Integrated Development Environment (IDE): When programming, we need to type code. This is possible in a code editor, and best done in a more sophisticated environment such as vscode or pycharm. It is best to activate your virtual environment (see Section 11.6) using source venv/bin/activate before starting your IDE. In order to start vscode, go to the main folder of the course notes, and type code . E.g., vscode can be used for all three ways to write Python commands:

  1. Use Terminal -> New Terminal in order to open a terminal, type python3 and you are in interactive mode,
  2. Write a Python script and run it using the opened terminal,
  3. Click on some Jupyter notebook, and vscode starts the Jupyter server for you.

A first Python cell: Here is the first cell of Python-code:

x = "Hello, "
y = "world!"
print(x+y)
Hello, world!

If you are working within the Jupyter notebook (and not just in the html-file), you can execute this piece of code: Press the play button on the left (or hit Control + Enter within the Python-cell).

0.3 Using AI (ChatGPT, Gemini etc, Copilot, Claude, etc)

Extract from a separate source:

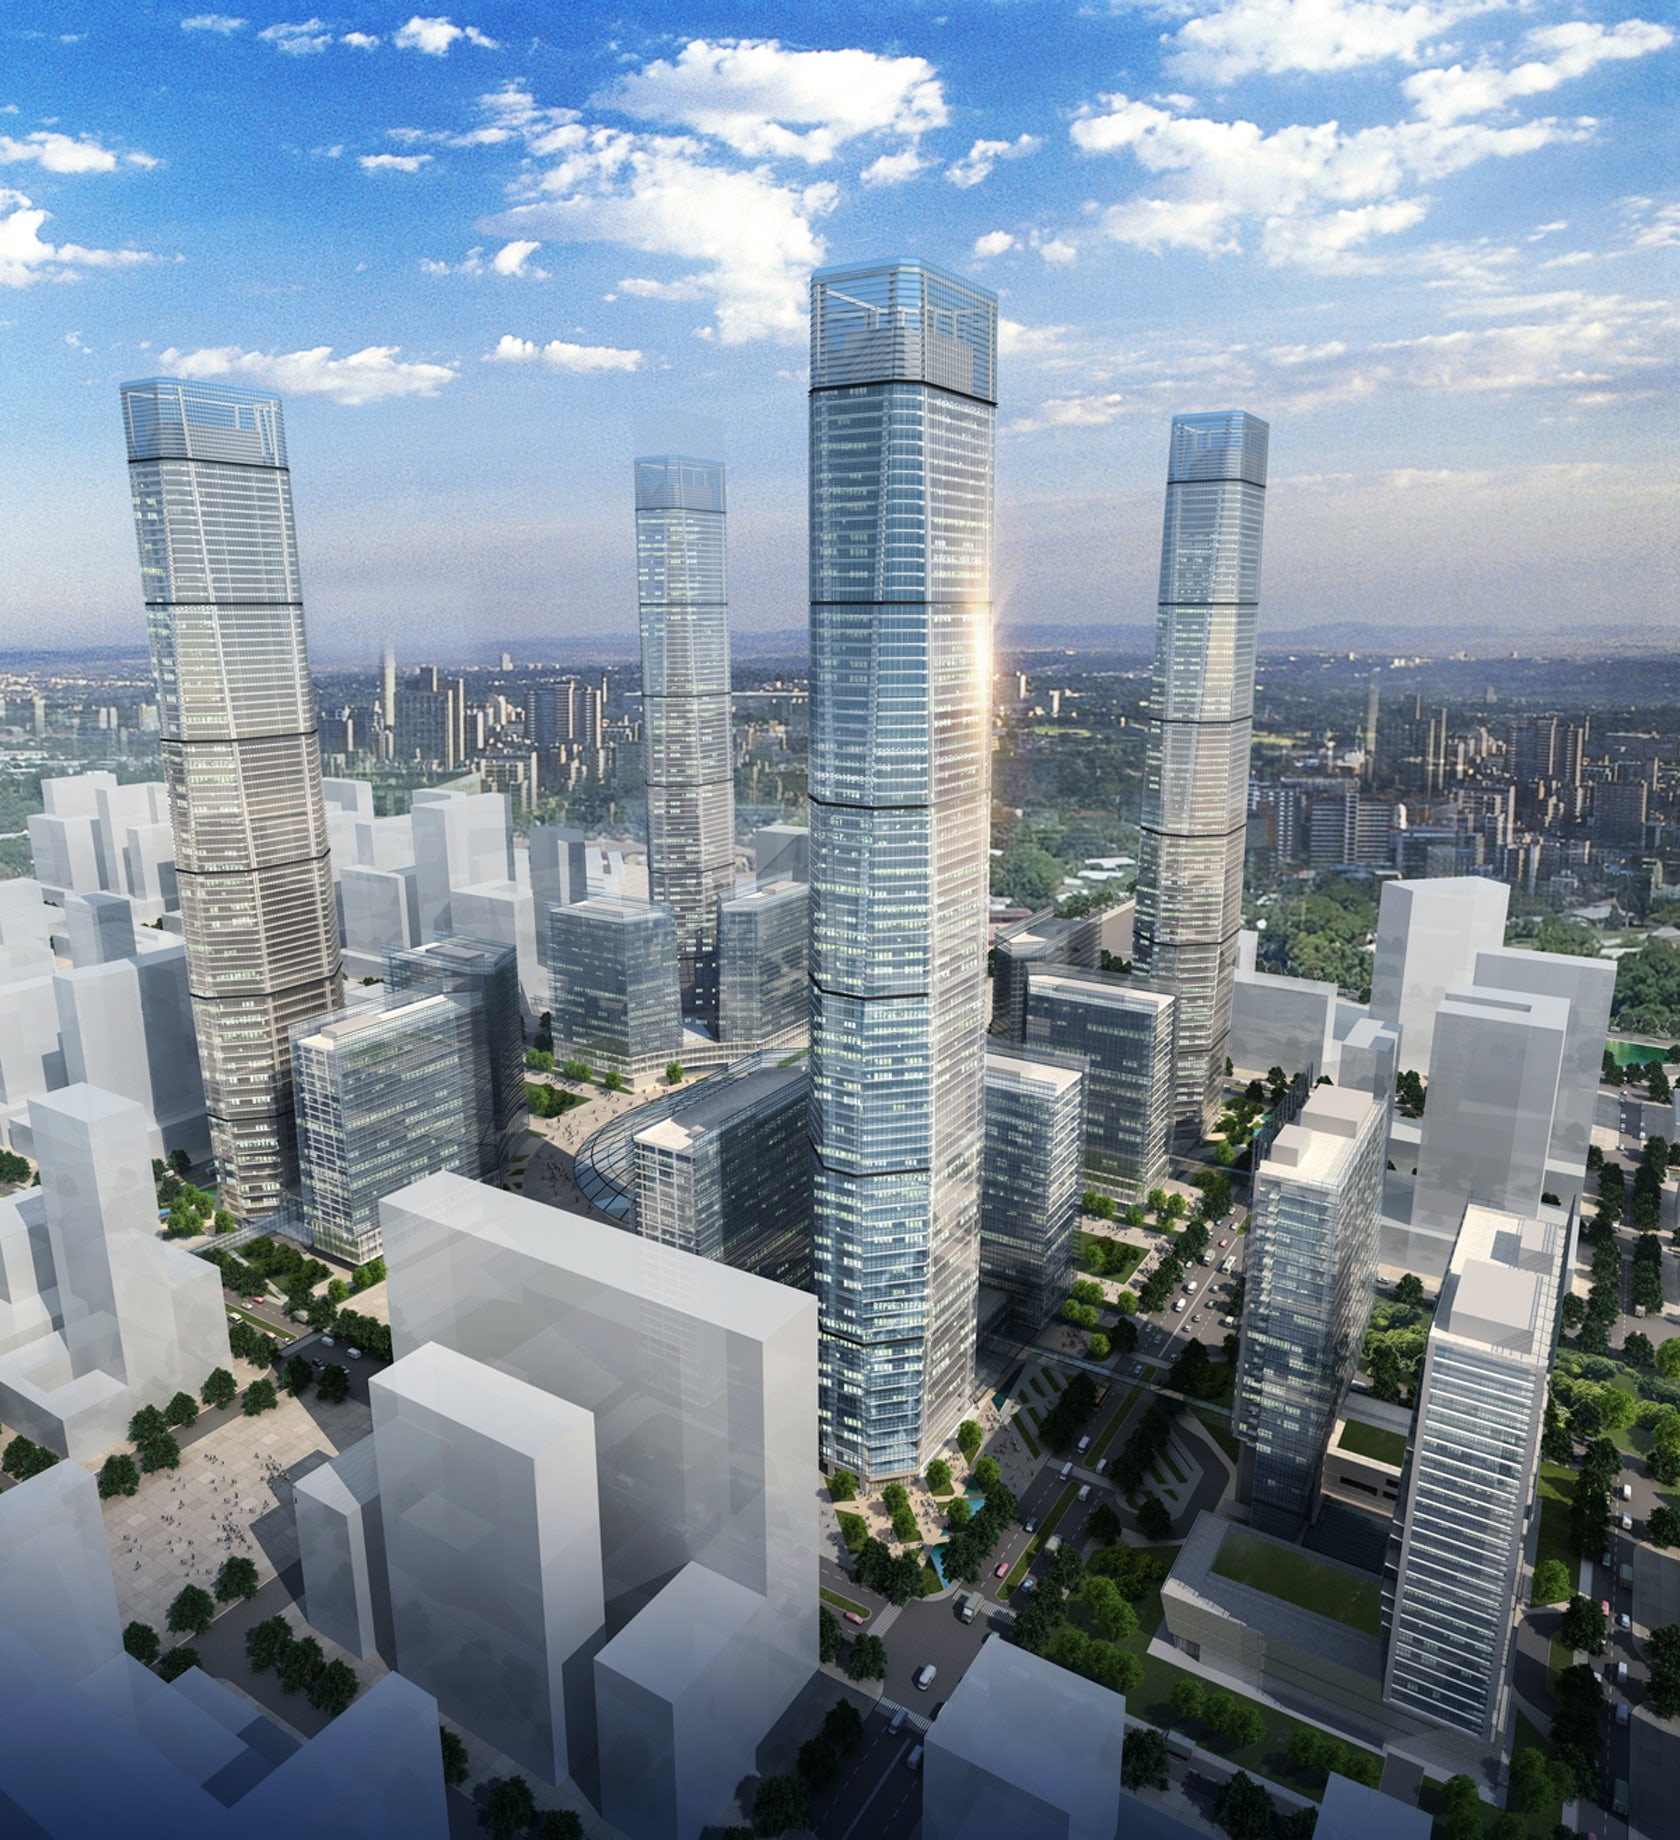 City Center: Changchun Southern New City Center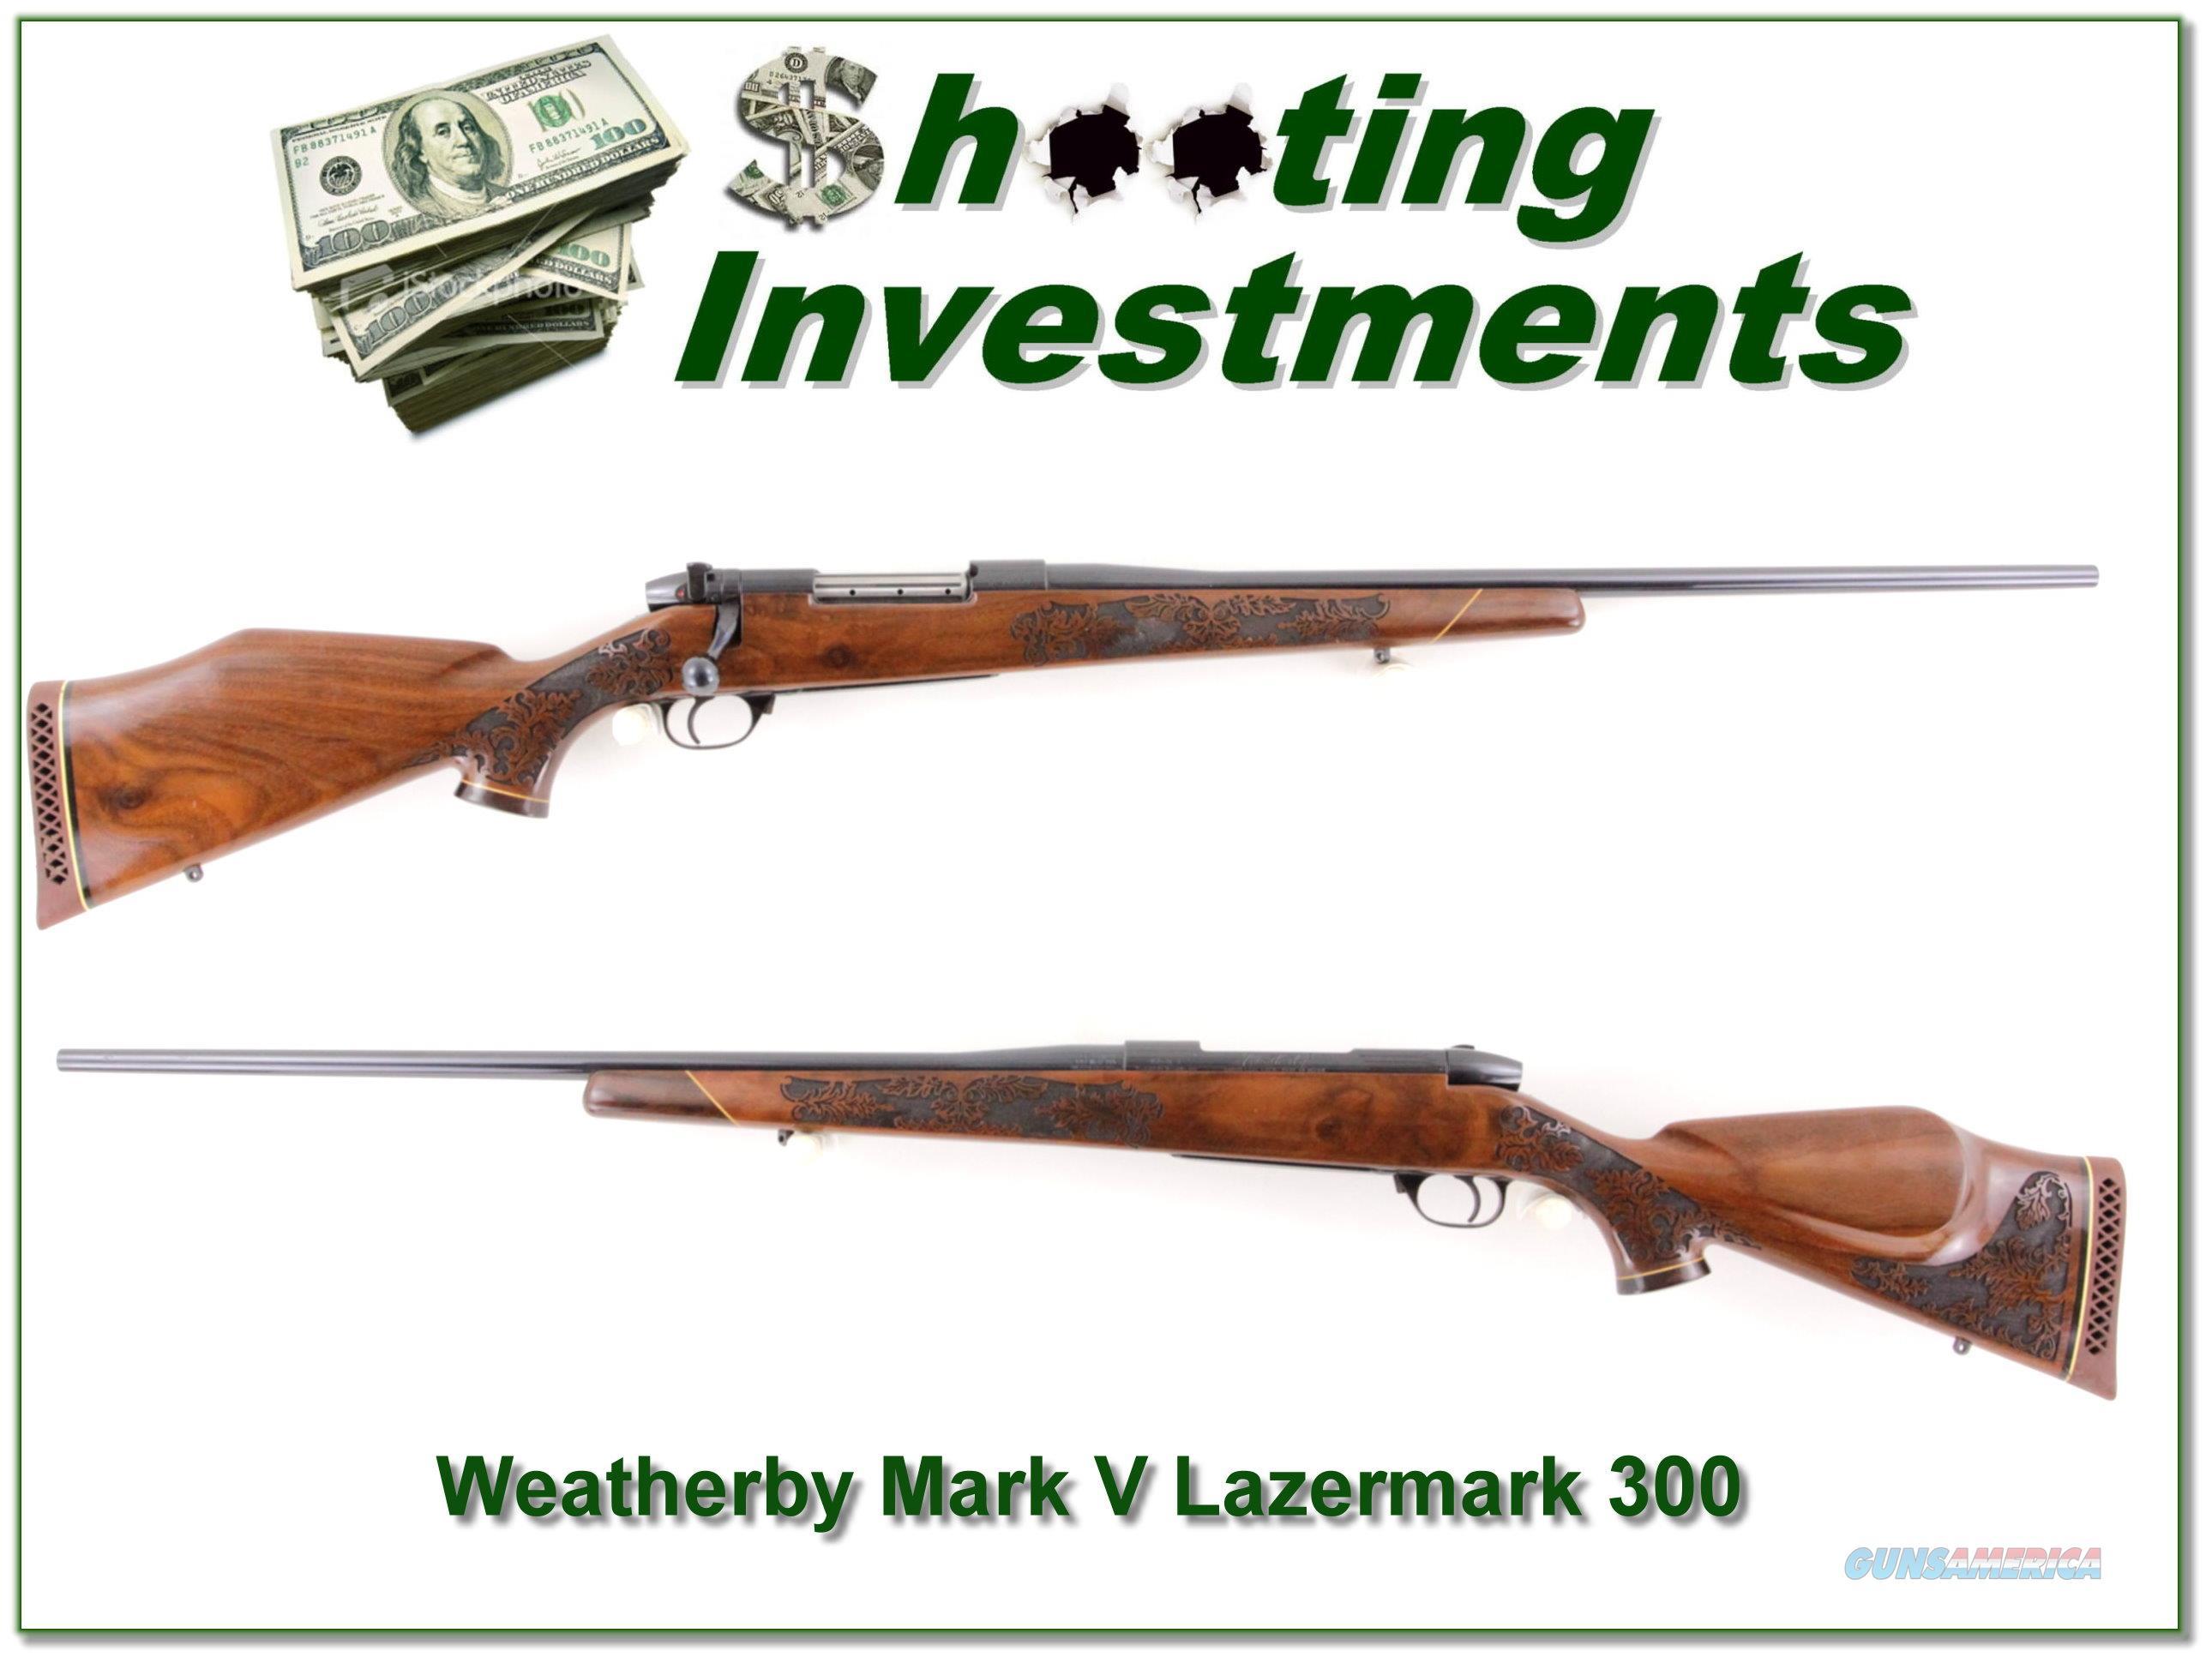 Weatherby Mark 5 Lazermark 5 Panel 300  Guns > Rifles > Weatherby Rifles > Sporting

During the last years, AI has increasingly improved in code writing. You are encouraged to use this new technology! As usual when learning new things, this new tool can help a lot, and will be able to solve the exercises within the Jupyter notebooks. However, you still have to undestand the code, and what might go wrong during execution. As a first course in Python, you will end up having up to a few hundred lines of code, which has to be coherent. You must know the structure of that code, and in order to extend it, fix bugs etc. If you are ever involved in bigger projects, this is even more important.

For these course notes, I have also used AI (ChatGPT, Gemini, Claude Opus) in order to ask the AI which topics I should cover, and make concrete suggestions for a workflow. (While I have been programming in Python for some years now, my experience with numpy and matplotlib was still limited when I started to write the course, since I have used R for such topics in the past.) Not all suggestions from the AI were great. However, I think that the end result for this course is much better than without the help of AI. I hope this also helps the learning experience. In particular, earlier versions of several chapters (generated with ChatGPT) served as a source of material: its content on numpy, pandas, and scipy.stats was integrated into Chapters 06, 07, 08, and 09 with the help of Claude Code. A detailed log of all AI-assisted edits (including the prompts used) is available in CLAUDE.md.